Kirchentreffen im Zeichen der Spaltung

Seit Mittwoch tagt die Lambeth-Konferenz der Anglikaner – ohne die Konservativen. Für Streit sorgt ein schwuler Bischof, der nicht eingeladen, aber angereist ist. Auch der Erzbischof von Canterbury scheint die Krise nicht abwenden zu können

AUS DUBLIN RALF SOTSCHECK

Eigentlich könnte es ein harmonisches Treffen werden. Die konservativen Kritiker sind der Lambeth-Konferenz der anglikanischen Kirche, die alle zehn Jahre stattfindet und gestern Abend begann, ferngeblieben. Und auch der Grund für ihren Unmut, der homosexuelle US-Bischof Gene Robinson, ist nicht anwesend. Es ist die 13. Konferenz in der Geschichte. Die erste fand 1867 im Lambeth-Palast statt, der Londoner Residenz des Erzbischofs von Canterbury. Heutzutage trifft man sich in der Universität von Canterbury.

Die 800 Bischöfe aus 38 unabhängigen Landeskirchen, die 70 Millionen Gläubige vertreten, könnten sich also drei Wochen dem Bibelstudium und dem Gebet widmen, wie es die Tagesordnung vorsieht. Debatten, Abstimmungen oder Resolutionen stehen nicht an. Nur in Randveranstaltungen werden Themen wie der Umgang mit der Presse und der Sexualität behandelt.

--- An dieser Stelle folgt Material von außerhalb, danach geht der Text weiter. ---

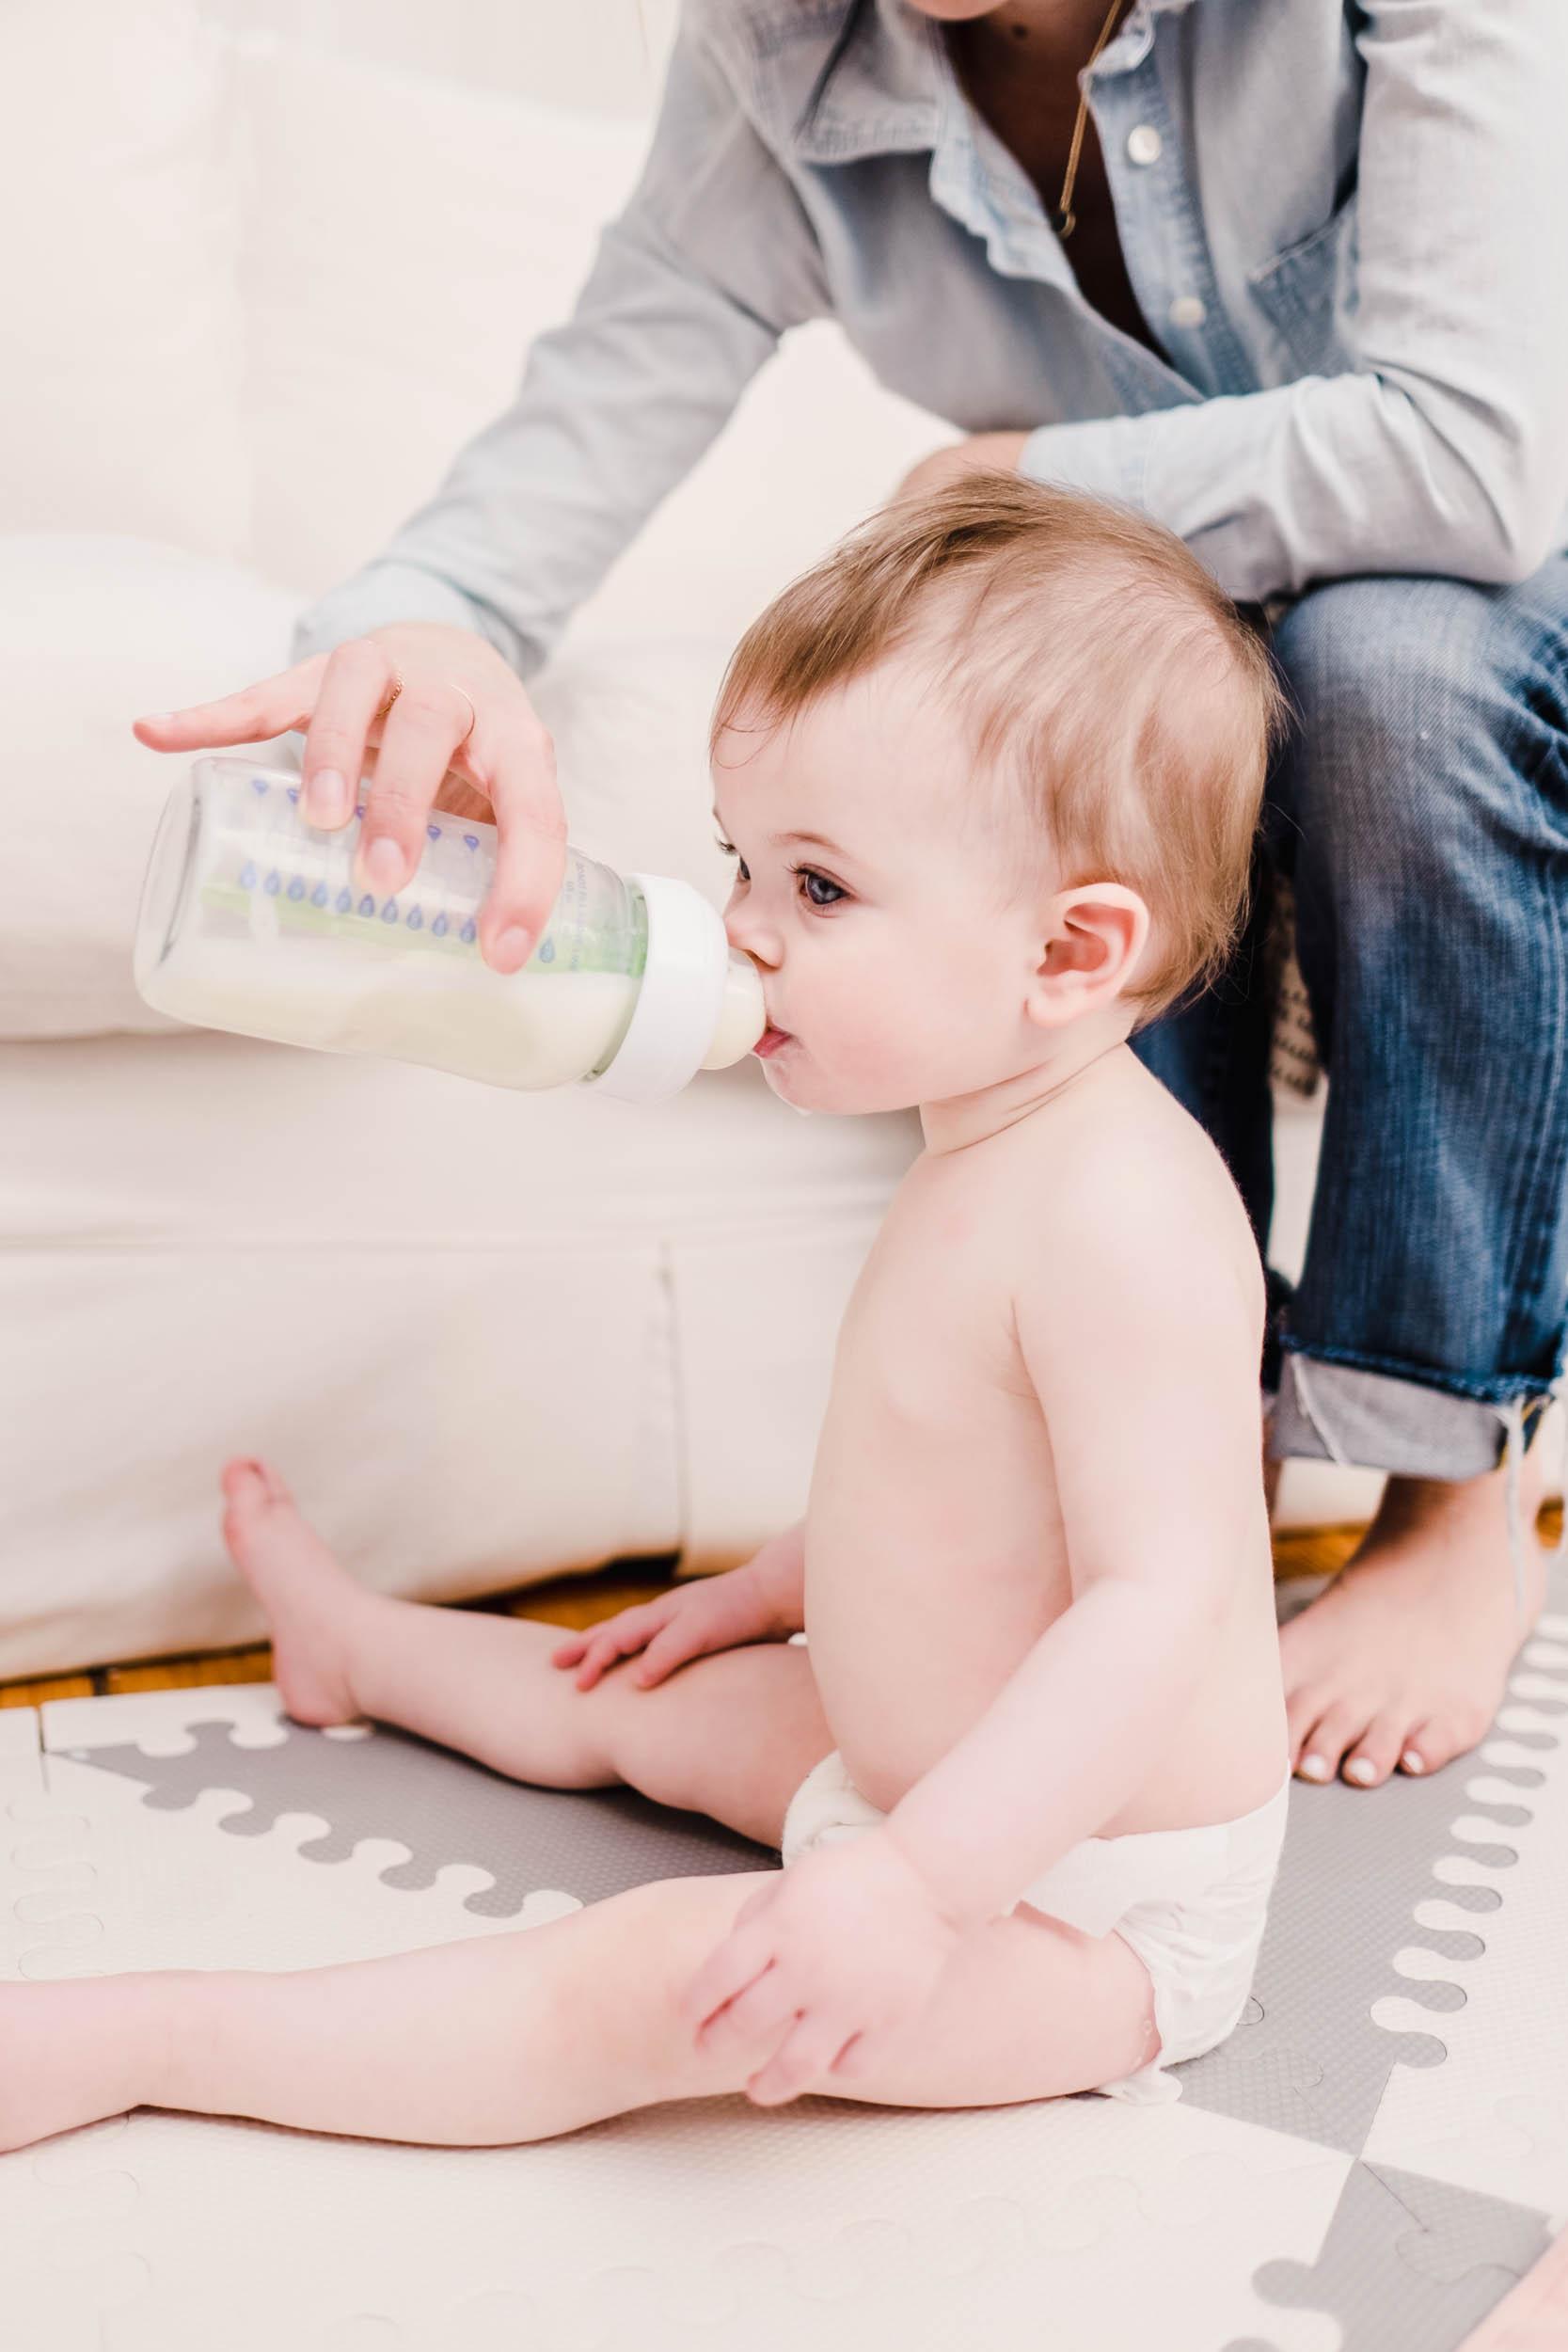 Kristen-Humbert-Family-Photoshoot-Philadelphia_Ruby-James-W-.jpg

Dennoch liegt über der Konferenz eine nervöse Spannung. Gene Robinson nimmt zwar nicht offiziell teil, aber angereist ist er dennoch. Am Montag hielt er einen Gottesdienst ab, dabei kam es zu einem Zwischenfall. Ein Besucher sprang während der Predigt auf und verlangte von Robinson, zu bereuen, denn Homosexualität stehe mit Pädophilie, Sodomie, Ehebruch und Kindesopfern auf einer Stufe.

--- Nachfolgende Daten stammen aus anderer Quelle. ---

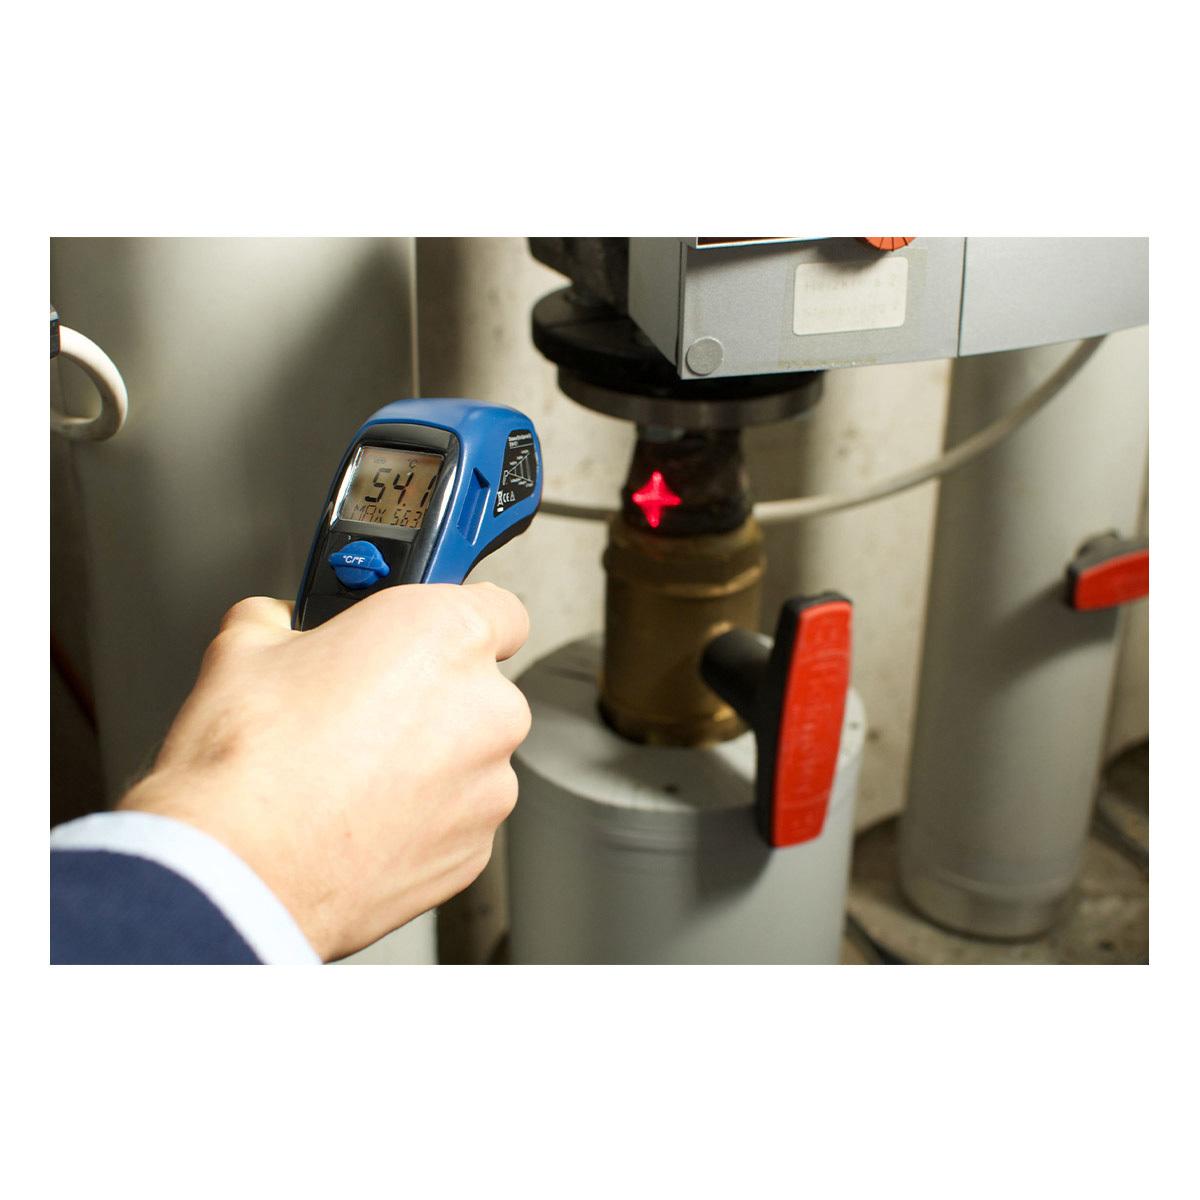 31-1131-infrarot-thermometer-multi-beam-anwendung1-1200x1200px.jpg

Robinson ist so etwas gewöhnt. Er ist nicht zum Bischof von New Hampshire ernannt worden, wie es in der Church of England üblich ist, sondern er ist von seiner Gemeinde gewählt worden. Bei zu seiner Weihe 2003 musste er, ebenso wie sein Partner Mark Andrew, eine kugelsichere Weste tragen. Vor der Kirche demonstrierten Menschen mit Plakaten, auf denen stand: „Gott hasst Schwuchteln.“

Dabei ist er nicht der einzige schwule Bischof, es gibt mindestens vier weitere unter den Anglikanern. Aber Robinson ist der einzige, der es zugibt. Und er ist der einzige, der von Rowan Williams, dem Erzbischof von Canterbury, nicht zur Lambeth-Konferenz eingeladen worden ist.

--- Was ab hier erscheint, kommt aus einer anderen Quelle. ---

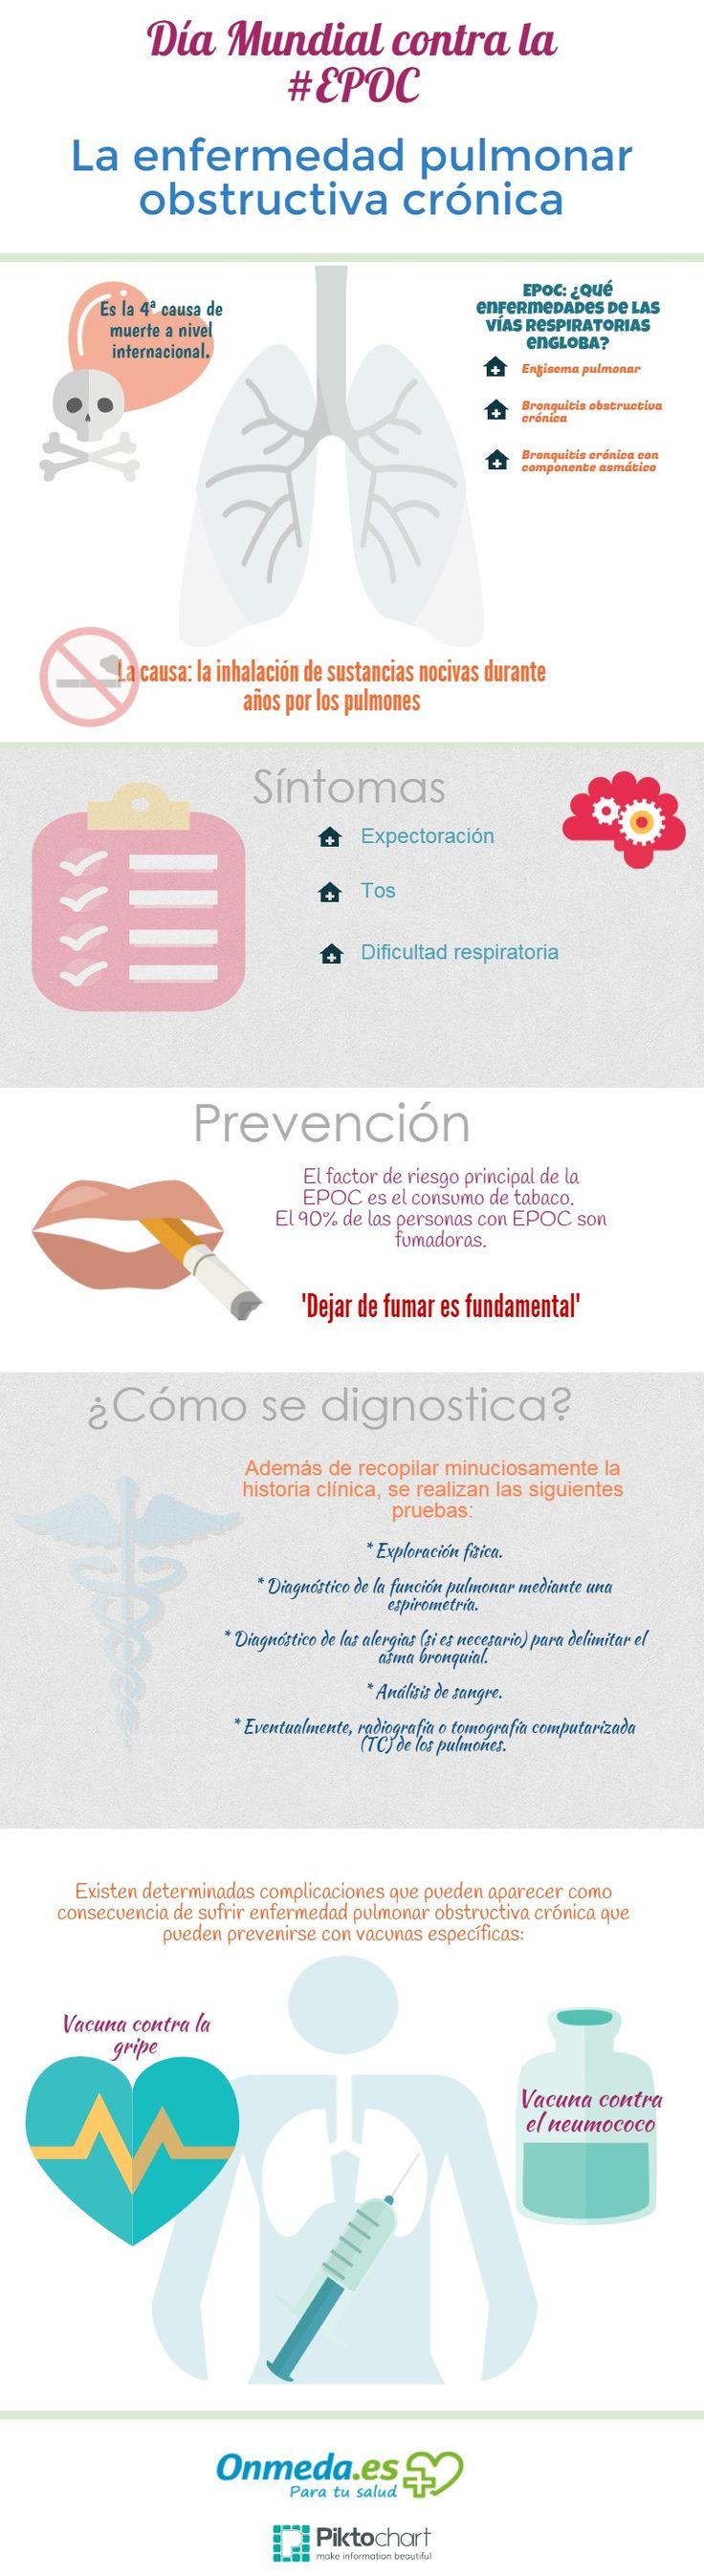 Día Mundial de La enfermedad pulmonar obstructiva crónica #EPOC #inpographic

Williams hat einmal geäußert, dass treue homosexuelle Partnerschaften lebensbereichernder und liebevoller sein können als verletzende heterosexuelle Partnerschaften, doch inzwischen sagt er gar nichts mehr zu dem Thema. Als er vor sechs Jahren zum 104. Erzbischof von Canterbury ernannt wurde, erwartete man sich von ihm frischen Wind nach Jahrzehnten des Niedergangs. Williams ist ein hochintelligenter Theologe und ein begabter Redner. Ihm traute man es zu, den Niedergang der anglikanischen Kirche abzuwenden.

Inzwischen zweifelt man, ob er mit der Krise der Spaltung fertig werden kann. Und um eine Spaltung handelt es sich, auch wenn das niemand sagt. Auf ihrer „Global Anglican Future Conference“ in Jerusalem haben sich 1.200 Anglikaner, darunter fast 300 Bischöfe, die meisten aus Afrika, vorigen Monat von ihrer Mutterkirche getrennt. Sie sind jetzt auch nicht nach Canterbury gekommen. Neben dem homosexuellen Bischof störte sie vor allem der Beschluss, künftig weibliche Bischöfe zuzulassen.

Aber auch liberale Anglikaner kritisieren Williams, weil er Jeffrey John, den zölibatären schwulen Bischof von Reading, auf Druck konservativer Kreise zum Rücktritt zwang. Williams wirkt hilflos im Kampf um die Richtung der anglikanischen Kirche. Philip Jensen, der Dekan von Sydney, nannte ihn eine „theologische Prostituierte“.